Fig. 7.. TDP-43 seeding is present in IBM patient muscle but does not correlate with histological pathology.

(A) The insoluble fraction from muscle biopsies of 24 IBM patients, along with 5 healthy controls, 10 with IMNM, and 10 with ALS were added to the TDP-43 FRET sensor line. Of the IBM samples, 14 were statistically significant (P<0.05). *P<0.05, **P<0.01, ***P<0.001 One-way ANOVA with Dunnett’s multiple comparisons test to lipofectamine only control. Dots on each bar represent technical replicates. (B) Representation of each patient’s average integrated FRET density (IFD). P*<0.05 with one-way ANOVA and Dunnett’s multiple comparisons test to healthy controls. The amount of seeding activity had a negative correlation with histological hallmarks of IBM such as TDP-43 aggregates (C) and rimmed vacuoles (D). (E) Representative images of a disease control, low seeding sample, and high seeding sample with their corresponding FRET values (samples indicated by arrows in (A). Scalebars represent 50 μm.

Fig. 8.. TDP-43 seed uptake and conversion occurs in skeletal muscle in vitro and in vivo.

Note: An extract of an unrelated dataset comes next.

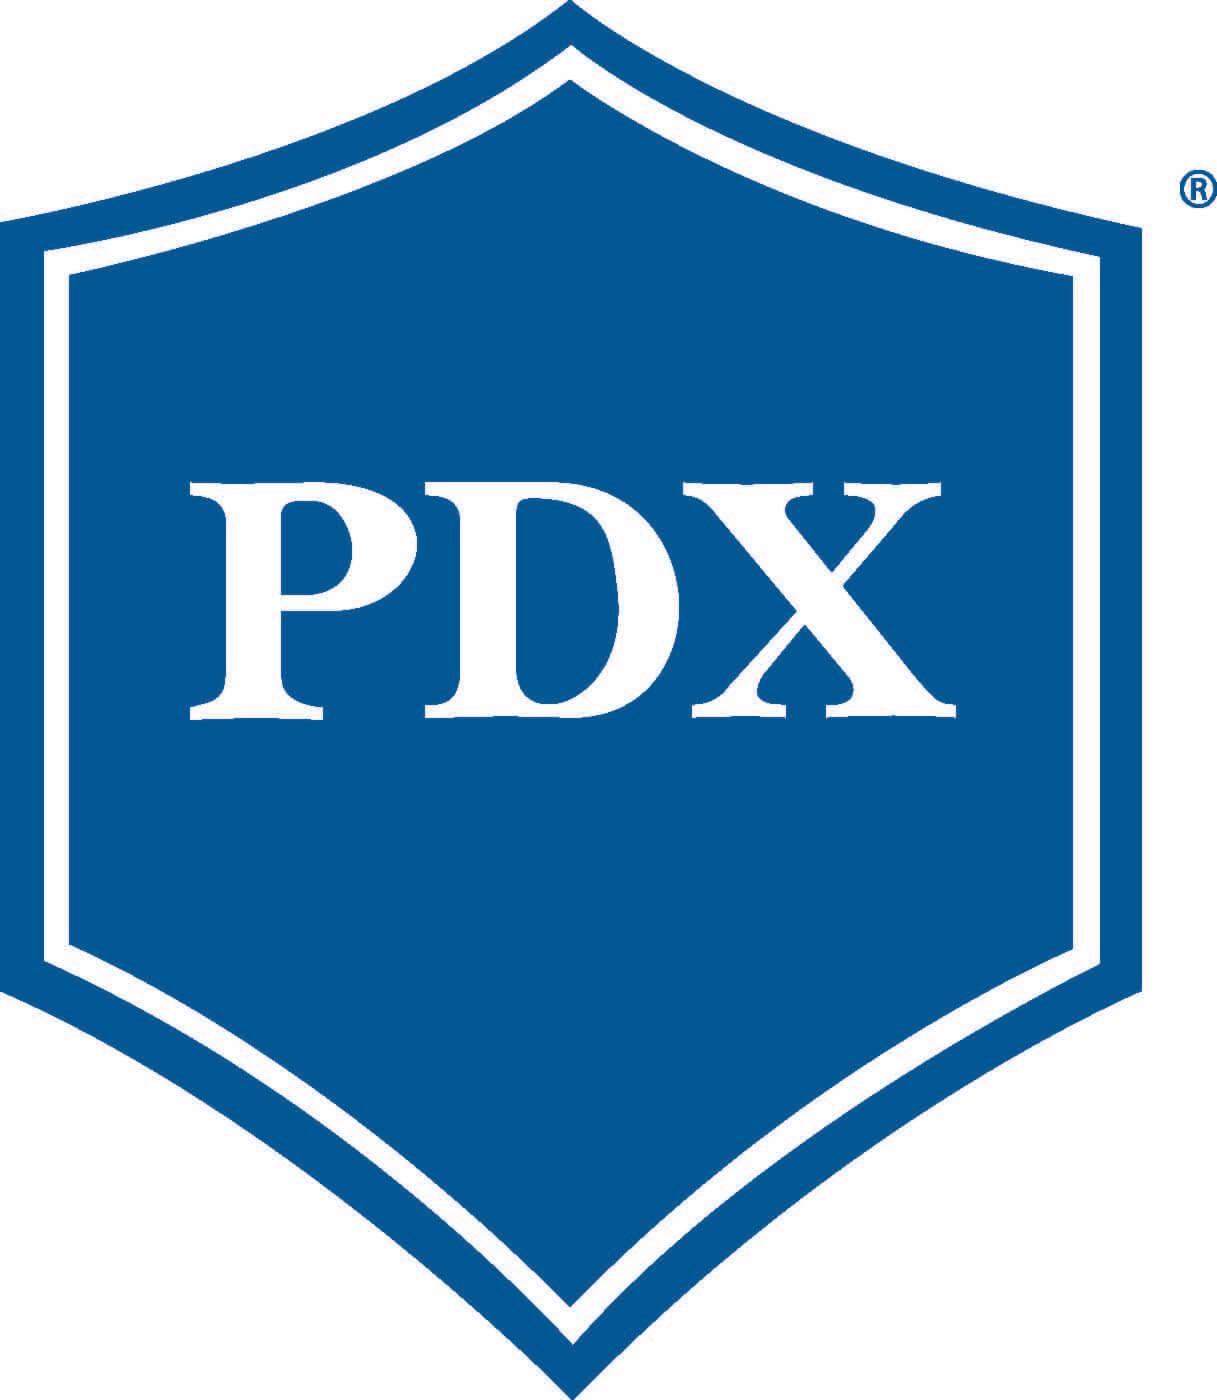 PDX-NHIN-Rx.com

(A) Immunostaining for TDP-43 in mouse myoblasts treated with buffer or 50 nM of recombinant TDP-43 PFF for five days at time of differentiation. The bottom row shows the same staining without the DAPI channel to better visualize the loss of endogenous nuclear TDP-43 in the seeded cells compared to untreated. (B) Soluble and insoluble lysates from TDP-43 PFF treated and untreated mouse myoblasts were subjected to immunoblot using anti-TDP-43 and pTDP-43 antibodies. Note the presence of insoluble TDP-43 species in PFF treated cells. Similar blots were repeated in 2 independent experiments. (C) The tibialis anterior muscles of C57 wild type mice were injected with 10 μg of recombinant TDP-43 PFF or a buffer control in the contralateral leg. Individual muscle fibers are outlined with dotted white lines for better visualization. Immunofluorescence for pTDP-43 on sections obtained one month post injection demonstrates positive inclusions in fibers from PFF treated muscle (enlarged yellow box). (D) Representative western blots of soluble and insoluble lysates from TDP-43 PFF treated and untreated TAsshowing an increase in insoluble TDP-43 fragments in the injected TA muscle as compared to the buffer injected contralateral muscle. Similar blots were repeated in 3 independent experiments.